Sovereign ratings, the minister said in Washington DC, must reflect macro fundamentals of emerging market and developing economies, their cost of capital and ability to draw private investments.

Sitharaman was speaking at the plenary session of the International Monetary and Financial Committee during the annual meetings of the International Monetary Fund and the World Bank Group, according to a finance ministry post on microblogging site X.

Experts and senior government officials have often called out global rating agencies for their perceived bias against emerging economies and for handing them a raw deal.

S&P, Moody’s and Fitch have maintained their sovereign ratings for India at the lowest investment grade, even though the country remains the world’s fastest-growing major economy since 2021-22 and is forecast by the IMF to retain the status at least until 2025-26.


In fact, the IMF’s projected growth rates for India—of 7% this fiscal and 6.5% the next—are more than double the global averages. No sector in India is off-limits for private investors, the minister said separately at the Centre for Strategic and International Studies in the US capital, highlighting the entry of private players even in sensitive sectors, such as defence production and space. Under Prime Minister Narendra Modi, the licence raj of the socialist era is well behind us and the red tape has now been converted into red carpet for investors, she added.

What’s holding global investors back?’ Highlighting India’s strong growth opportunities, Sitharaman pitched for more investments by global entities. “I want to ask where are the investable funds, where are the global investors, what are they looking at? What’s holding them back? So that’s a question I like to pose,” she said at the CSIS.

An “appreciable” amount of FDI, she stressed, is very much flowing into India. “But with that coming, I still would think there’s more opportunity lying. And with all the conversation being China-plus one, shared values, democracies, English speaking, demographic dividend, with skill sets of Indian youth being so good that they are manning the GCCs (global capability centres)… So the question would be: What’s holding them back?” she asked.

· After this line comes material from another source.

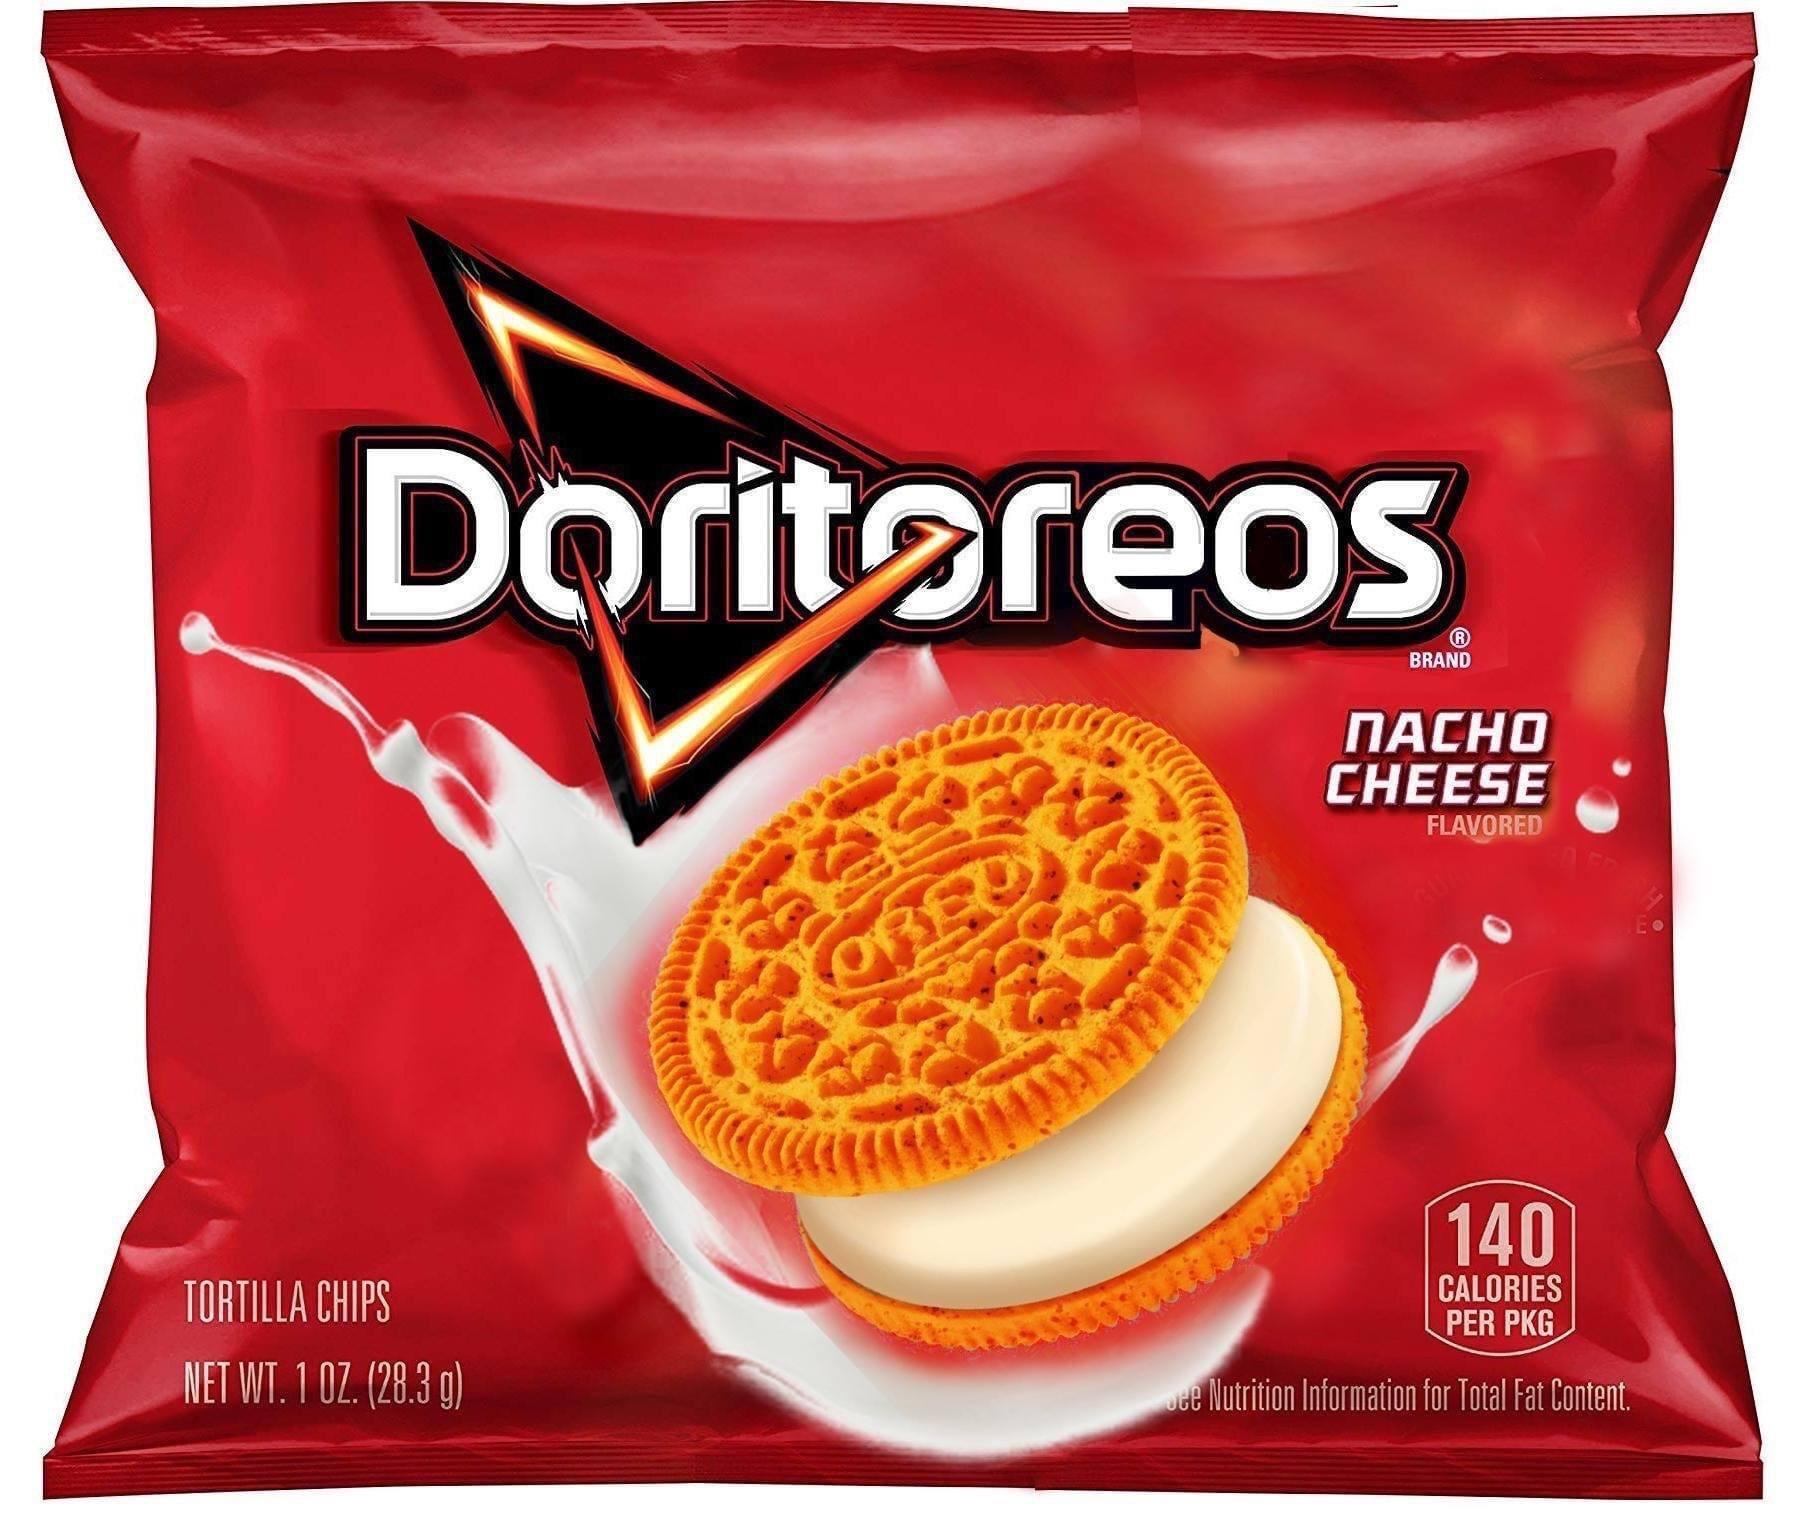 doritos oreos - Doritareos 6 Brand Cheese Flavored 140 Calories Per Pkg Tortilla Chips Net Wt. 1 Oz. 28.39 ute Nutrition Information for Total Fat Content.

Meanwhile, nothing is holding the Indian economy back, she stressed. “The policies are working. Reforms are still happening and it shall continue to happen. Greater liberalisation of the economy will be there,” she said.

SOFT LANDING FOR GLOBAL ECONOMY
Sitharaman said there is a heightened possibility of a soft-landing for the global economy, which has undergone tremendous stress over the past several years. She expected better days ahead due to coordinated actions between countries and multilateral financial institutions. The minister, however, cautioned against undue optimism, saying many economies are not really picking up and the global trade scenario is far from robust.